Define “solvency concerns” to mean any plan with a solvency funded ratio below 85%, and continue to require a plan which has solvency concerns to file valuations at least annually — this change will be a relief to most sponsors, given that the current approach is complicated (80% is the threshold for some plans, 90% for others, with a sliding scale for plans in a certain size range). For plans with over $50 million of solvency liabilities, the threshold will decrease from 90% to 85%.

Defer amortization of experience losses or new solvency deficits by up to one year from the valuation date — this change will bring single employer plans in line with Jointly Sponsored Pension Plans (JSPPs), for which this rule already exists. This will be a welcome change for plan sponsors who can otherwise be faced with significant “retroactive contributions” owing following the filing of their updated actuarial valuations.

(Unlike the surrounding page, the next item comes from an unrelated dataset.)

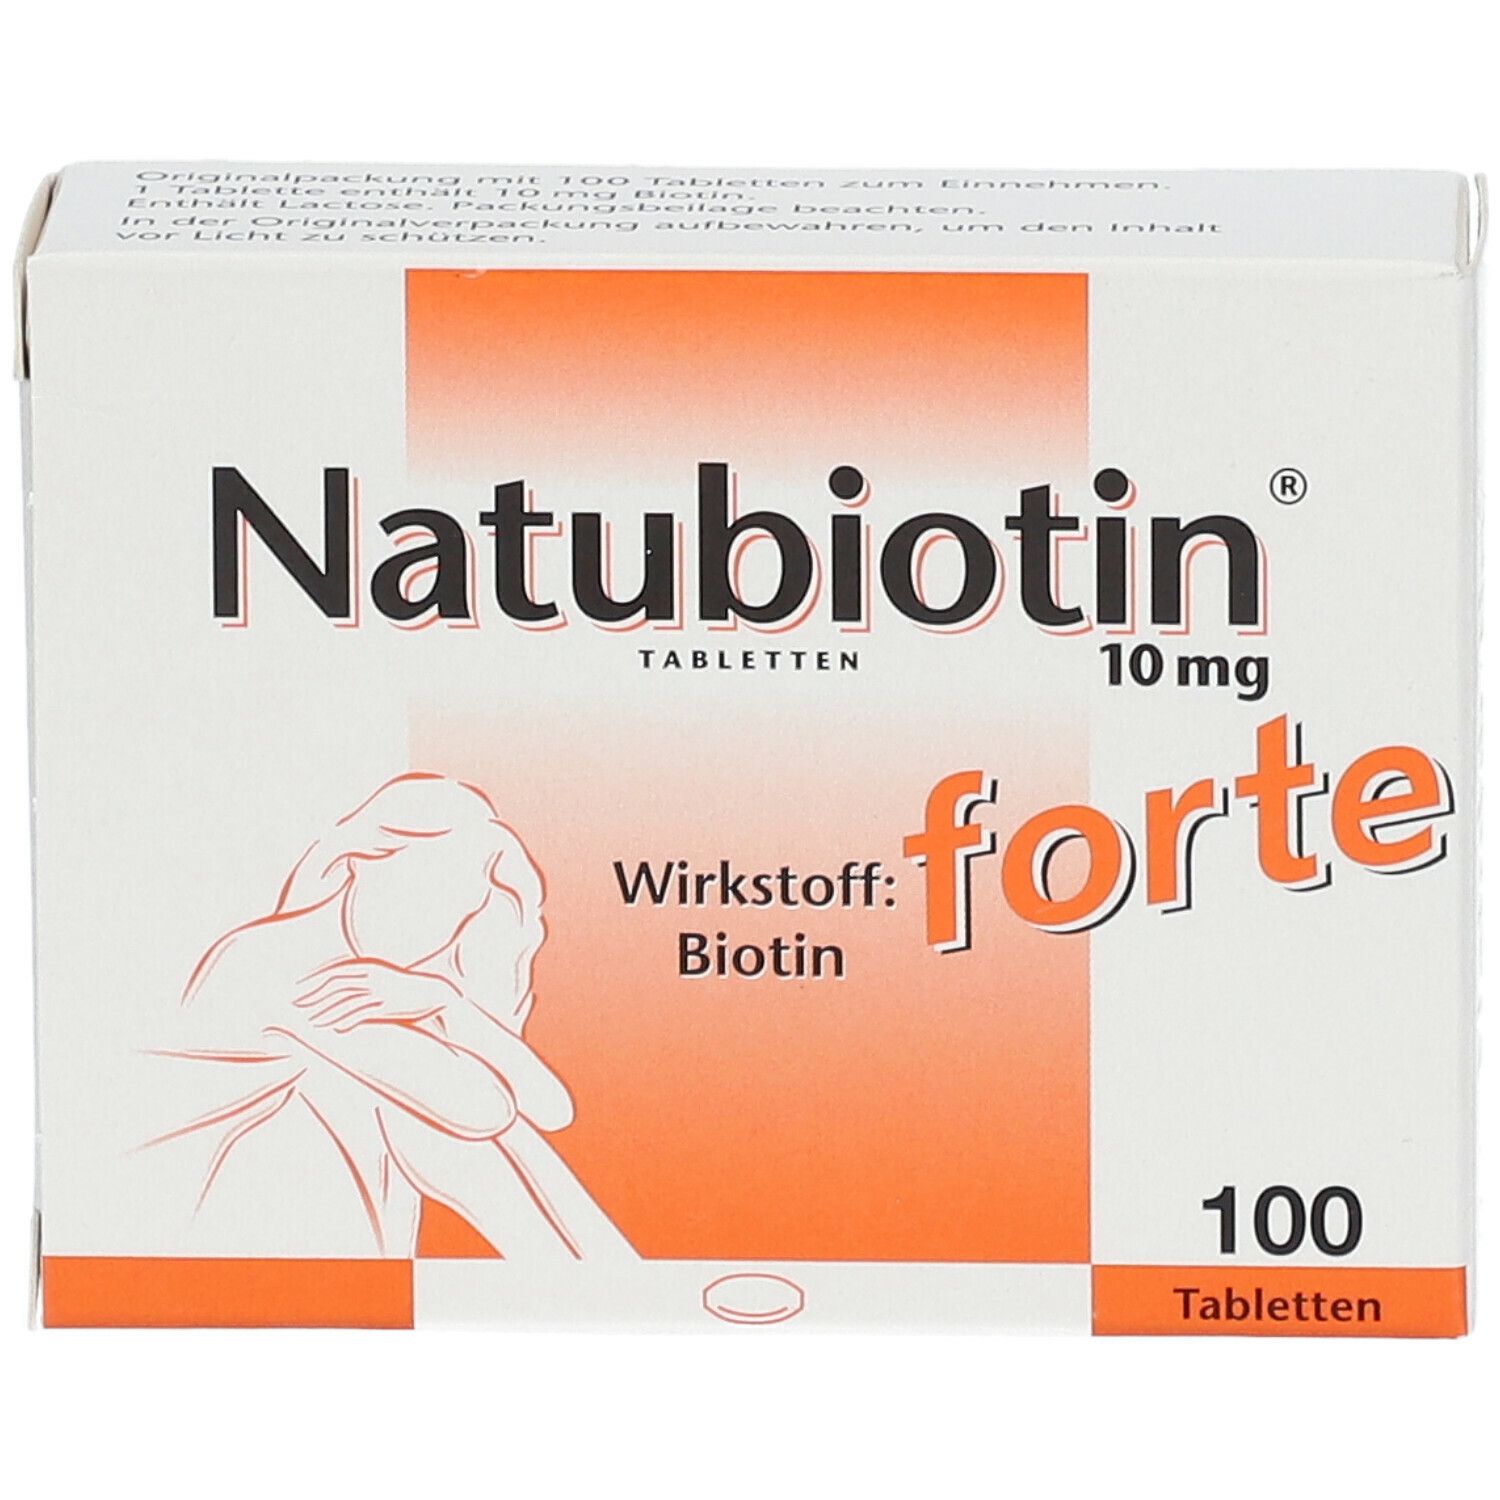 Natubiotin® 10 mg forte

The change will allow companies to better budget for their upcoming pension contributions, rather than scrambling to make a significant special payment immediately.

Permit employers to pledge a letter of credit instead of making certain contributions — employers will have the ability to use a letter of credit as an asset in the plan, reducing the immediate cash flow requirements for the employer. This creates a potential mechanism for reducing the likelihood of surplus development. If a plan with a letter of credit otherwise develops a surplus, presumably the letter of credit can be eliminated or reduced, without any surplus ownership complexities.

Accelerate the funding of benefit improvements — To reduce the adverse effect that plan improvements can have on a plan’s funded position, any amendment which serves to reduce the going concern’s funded ratio or transfer ratio below 85% will require an immediate lump sum contribution to restore the transfer ratio to the level immediately prior to the amendment. The balance of the cost of the amendment must be funded over no more than five years. This means that a plan which is 70% funded will need to fund 70% of any improvement immediately upon amendment. This would particularly affect collective bargaining in cases where the company cannot afford to immediately fund a sizable portion of a negotiated pension improvement.

Surplus and Contribution Holidays
The government’s proposed changes will only permit plan sponsors to take a contribution holiday if, by taking the holiday, the plan’s transfer ratio will not be reduced below 105%.

It will be necessary to see the proposed regulation to understand how a plan sponsor will demonstrate compliance with this requirement. For example, it appears acceptable for a plan which has a transfer ratio of 110% in the latest actuarial report to take a contribution holiday of up to 5% of the windup liability. However, in the year of the contribution holiday, the plan could suffer adverse experience (asset decline and/or changes in market interest rates) after taking the contribution holiday causing a degradation of the transfer ratio below 105% (or even below 100%).

One would hope that the final regulations will be written to clarify the responsibilities of the employer around monitoring the funded status of the plan between actuarial valuations.

For plans that take a contribution holiday under the proposed regulations, the plan sponsor will be required to disclose certain information to all eligible beneficiaries of the plan. This may not affect many plans in the current economic climate but it creates another disclosure requirement for plans with a surplus.

The surplus entitlement rules and surplus sharing processes are being updated to reduce some of the complex and costly processes, including litigation, which often arise following plan wind-up or during the development of a surplus-sharing agreement. In particular, plan sponsors will be able to withdraw surplus from an ongoing plan with the consent of 2/3 of members, as long as the remaining surplus exceeds the greater of 25% of windup liabilities or two years of normal actuarial cost plus 5% of windup liabilities.